Inmerso dentro de un extenso parque nacional, lo denso de la selva choca con un pueblo, donde el ruido delata la cercanía a la imponente catarata. En Zambia, del otro lado de la garganta, un pueblo se levanta con el nombre de Livingstone por justas razones. Hombre pionero que no descubre el afluente, pero sí el primero que lo da a conocer en Occidente, en la búsqueda sin precedente de la fuente del Río Nilo. Allí, con tremendo vacilo, el caudaloso Zambezi se hace innavegable por sus estrepitosos rápidos y cascadas; sin barreras, divide las fronteras de lo que alguna vez fuera Rhodesia del Norte y del Sur -cuarto con Botsuana y Namibia-. Pero lo llamativo no es el caprichoso motivo con el que África fue dividido un siglo y medio atrás, sino la existencia de un pueblo en convivencia con la selva, la consecuencia del hábitat compartido, la influencia de dos mundos que dialogan, como cuento de Kipling o de Quiroga. ¿En cuántos lugares del mundo pasa algo tan rotundo?
Se escucha con potencia el agua que cae con violencia; abruma la humedad, llueve hacia arriba contra la gravedad. La selva atrae pájaros y bichos que se mueven por los nichos de las plantas gruesas y vegetación espesa; entre las flores y sus mil colores. En la tarde los monos babuinos hacen de los árboles su casa, de los techos sus trechos, y en los jardines motines. ¡Más de uno querrá tirarles con pistola de balines! Los jabalíes invaden las calles como en Iguazú los coatíes. De noche búfalos y elefantes que caminan como antes; cuando era todo selva y no había habitantes. Los turistas que visitan se deleitan con la salvaje naturalidad de las fieras; mientras los habitantes se irritan ante semejante comodidad. Los histéricos primates entran por los remates, abren heladeras y se llevan hasta las hieleras; atacan con sus garras a los perros que les ladran. Los locales se quejan de los paisajes invadidos de chanchos salvajes; se molestan por los elefantes que rompen muros, gigantes que no toleran las limitantes de los pobladores ocupantes.

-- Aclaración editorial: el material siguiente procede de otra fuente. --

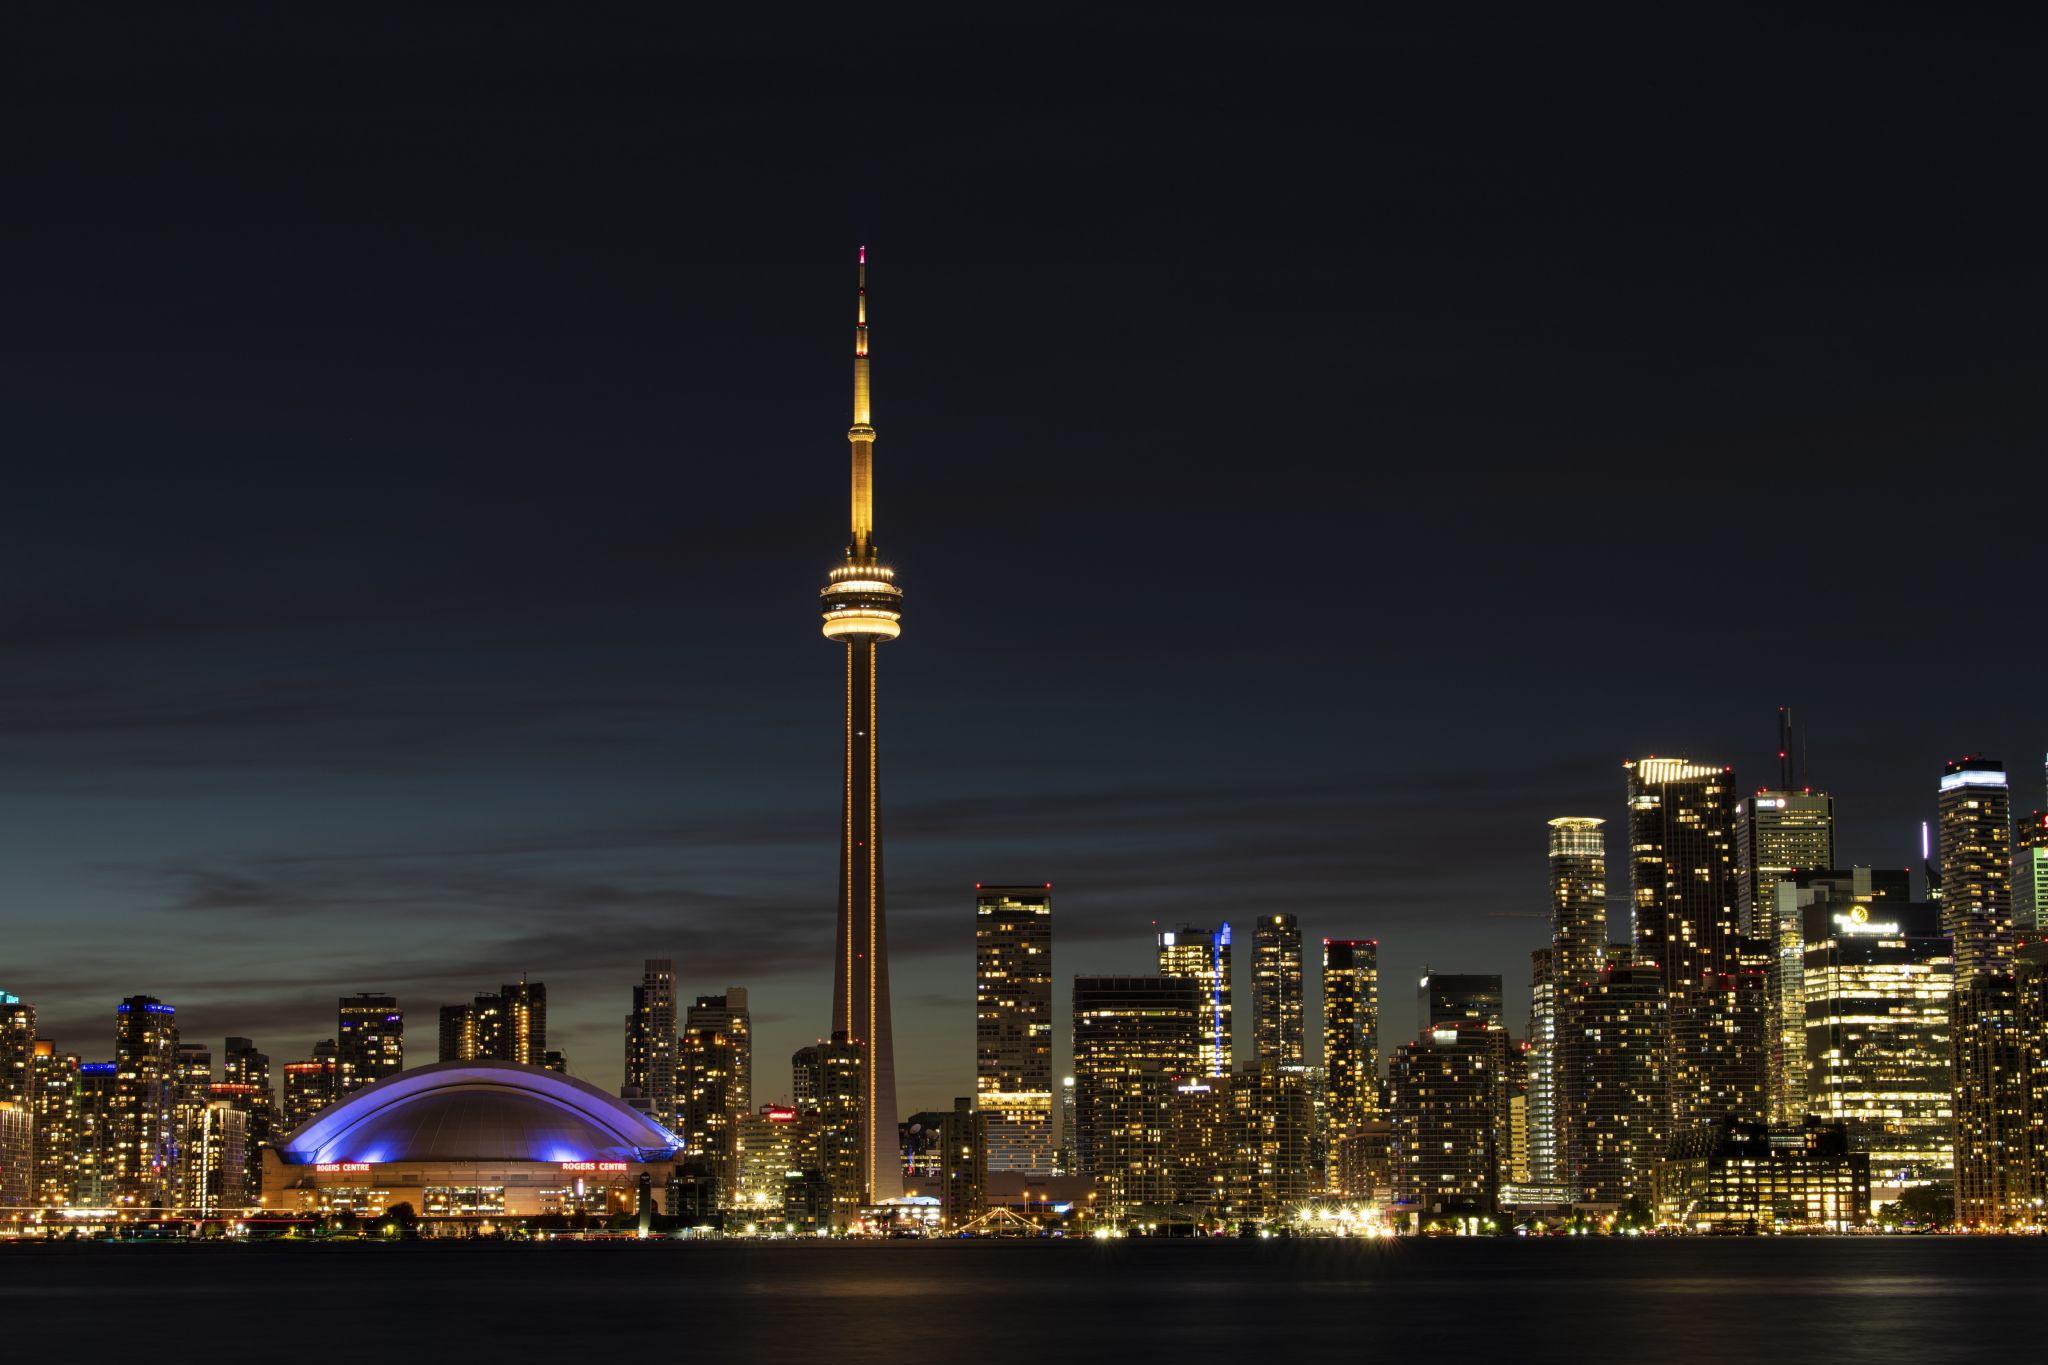 Toronto Island, Canada

Convivir con la naturaleza requiere cautela y destreza: Unos chicos evitan una plaza por los monos que andan en masa; un hombre frena sus pasos con temor y espera a pesar del calor, que se alejen los elefantes y su rigor arrogante; se oye una frenada de quien deja pasar jabalíes que cruzan en manada; una mamba negra pasa por un bar de turistas y suenan los teléfonos de los especialistas. La gente se aleja del río; nadie quiere averiguar qué come un cocodrilo, y prefiere esquivar el estilo territorial del hipopótamo bestial. Acá no hay ladrones, asaltos ni matones, pero de noche no se puede andar y las puertas se deben cerrar; nadie exagera el coraje en un ambiente tan salvaje. No es el delito el encuentro fortuito; no hay miedo a los asaltantes, hay respeto a los elefantes; nadie sale a robar pero los animales te pueden matar. La inseguridad ciudadana no es el robo a mano armada; no es aquella sensación lo que alimenta los medios de comunicación. A poca distancia de aquel territorio, reina la selva con toda su inconstancia. Los antílopes, los felinos, las serpientes dominan el día y la noche. Lo asombroso de la escena no es la libertad de la hiena o de bestias que desdibujan las lineas de las campiñas; Lo que extraña es la rutina que domina. Los buscados animales, muchas veces maltratados sin pudor, depredados como un roedor, cazados y visitados en caros safaris, caminan por los jardines, pasean por las casas y nadie los caza, se apropian de la calle como si fuese un valle; pasan por ciudadanos como cualquier fulano.
Y como no es la desigualdad lo que aqueja la ciudad; la intuición nos ofrece una nueva lección, de qué es un riesgo y qué es un sesgo. De respetar lo que no se puede controlar. De qué significa tener miedo cuando la noticia no es la injusticia; donde la realidad no es la criminalidad. Una vida donde no hace falta una reja alta, pero toca acostumbrarse a toparse con bestias y relacionarse sin molestias.
Este el destino de los habitantes que se asientan entre elefantes; de ser vecino de animales mortales; de ser residente entre caminos ancestrales; paisano de un rumbo nómada en el suelo africano. Y tal vez sin intención en esta temible coalición, las bestias se domestican entre los que habitan, se acostumbran a vivir de las sobras, no les importa las obras; Se aprovechan de las plantaciones, los mangos y las naranjas y no perciben las divisiones que la lógica del hombre les propone.
En Victoria Falls, las leyes de la selva y del hombre conviven con cierto control. Tal vez exista un pacto que se firmó con el primer contacto, una especie de vínculo simbiótico pero a su vez algo frenético, cuando al encontrarse dos mundos hubo que acordar una forma diferente de habitar.